Why Semantic Filtering Matters

The problem with raw indexing

Traditional search systems index everything they see:

  • numbers
  • timestamps
  • file internals
  • archive artifacts

In small datasets this goes unnoticed. In large datasets it causes irrelevant tokens to dominate search relevance.

Because full-text search treats rare terms as important, meaningless tokens begin to outweigh actual human language.


What Indexly does differently

Indexly asks a simple question during indexing:

“Would a human ever search for this?”

If the answer is no, the token is not indexed.

This decision is enforced before data reaches SQLite — not patched later via ranking tricks.

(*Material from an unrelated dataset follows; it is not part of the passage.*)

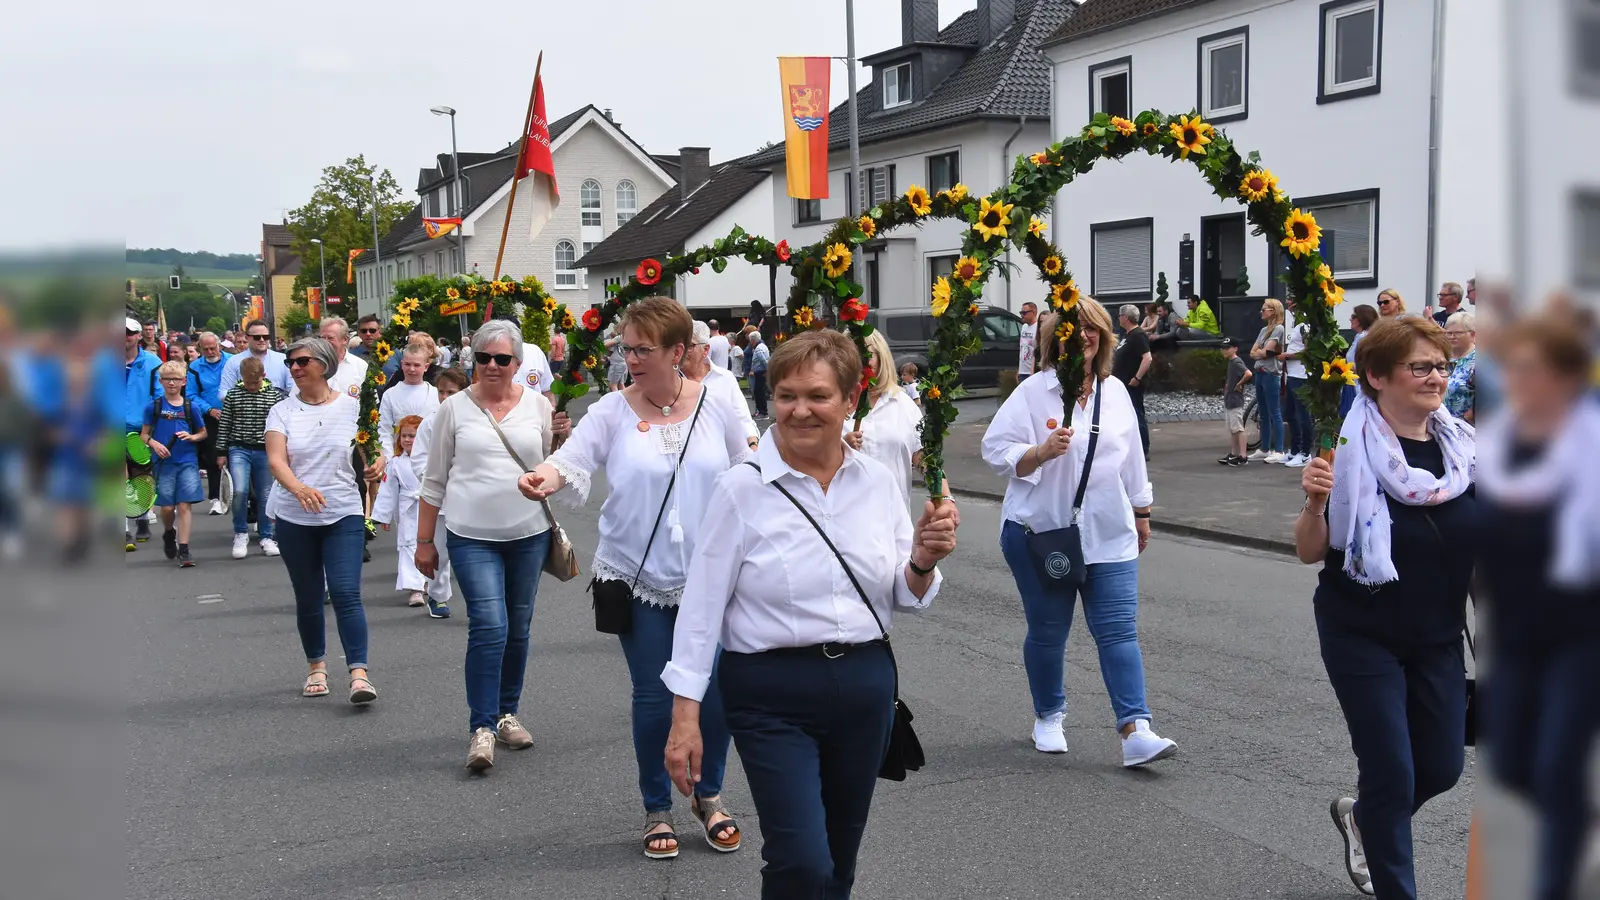 Festzug zum Ortsjubiläum 675 Jahre Lauenförde. (Foto: Peter Vössing)

Real-world impact (simplified)

Without semantic filtering

Most common terms:
0, 00, 000, 0000, 00000

These terms appear in tens of thousands of documents and heavily distort ranking.

Users experience this as:

  • unpredictable result ordering
  • numeric-heavy matches
  • relevance degrading as databases grow

With semantic filtering

Index focuses on:
titles, subjects, authors, formats
  • junk tokens are suppressed
  • meaningful words dominate
  • search results stabilize

Search now reflects human intent, not file structure.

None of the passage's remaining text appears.